Mogroside V Ameliorates Spinal Cord Injury by Inhibiting M1 Microglia Polarization

Spinal cord injury (SCI) constitutes a severe disorder of the central nervous system that is usually caused by external traumatic forces that damage the spinal cord’s structure and disrupt its normal functions. SCI is characterized by a high disability rate and limited treatment options. The current treatments include surgery, medication, and rehabilitation. Additionally, some traditional Chinese medicines and their ingredients have shown potential effects in the treatment of SCI. Mogroside-V (Mog-V), derived from Siraitia grosvenorii, displays a range of biological functions, such as anti-inflammatory effects, antitumor actions, and antioxidant potential. However, the effect and fundamental mechanism of Mog-V on SCI remain unclear. In this study, we established a spinal cord contusion model in C57BL/6 mice to evaluate the effects of Mog-V. The results revealed that Mog-V effectively improved lower limb motor function after SCI in mice.
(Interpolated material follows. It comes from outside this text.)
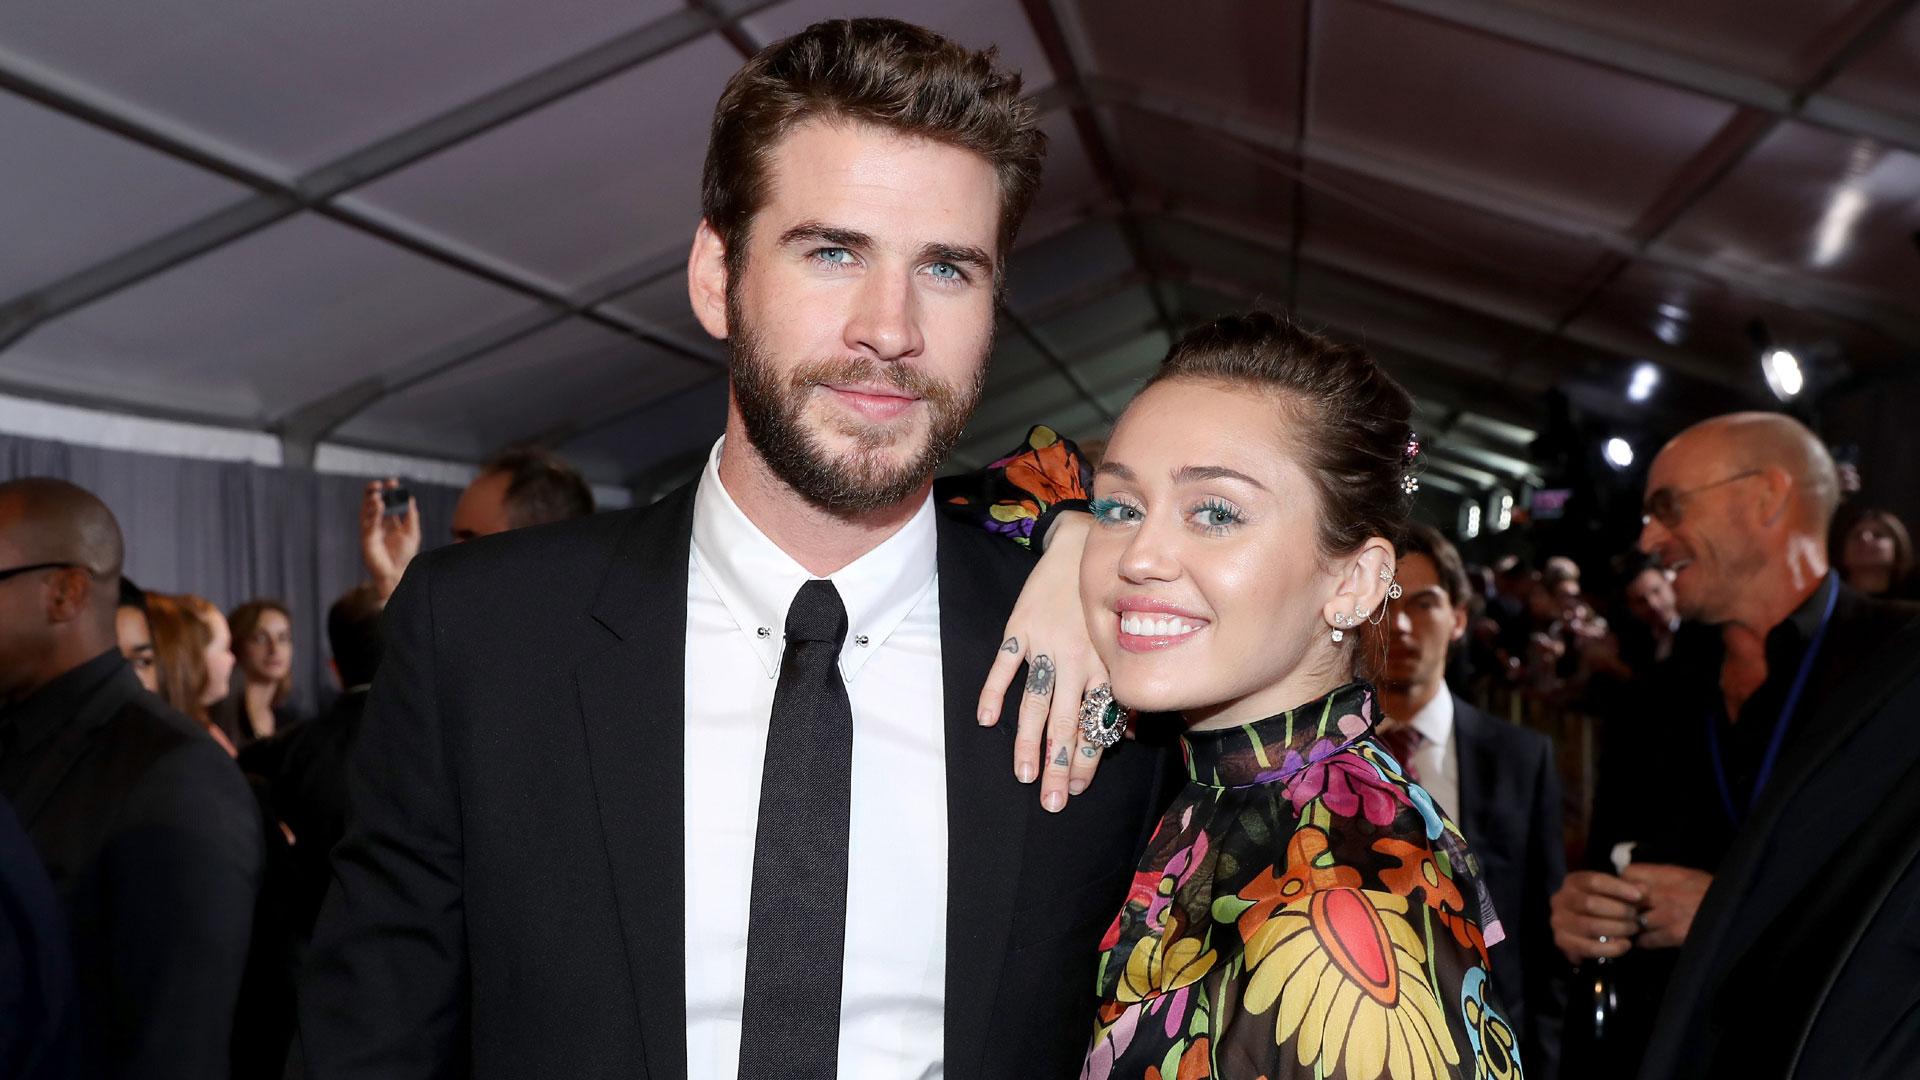 Liam Hemsworth, Miley Cyrus at Thor Ragnorak premiere29831137-159532

Mog-V inhibited pro-inflammatory macrophage/microglia polarization in vivo and reduced the secretion levels of macrophage/microglia-associated pro-inflammatory cytokines, including interleukin (IL)-12, IL-6, IL-1β, and tumor necrosis factor-α (TNF-α). Mog-V effectively inhibited M1 microglial polarization and the release of their associated pro-inflammatory cytokines in vitro. Mog-V also inhibited the phosphorylation of P65, P38, JNK, and ERK proteins in vitro and P38, JNK, and ERK proteins in vivo. Overall, Mog-V may improve SCI by inhibiting M1 microglia/pro-inflammatory macrophage polarization and reducing the release of inflammatory cytokines via the mitogen-activated protein kinase (MAPK) and NF-κB signaling pathways, highlighting the potential use of Mog-V for SCI treatment.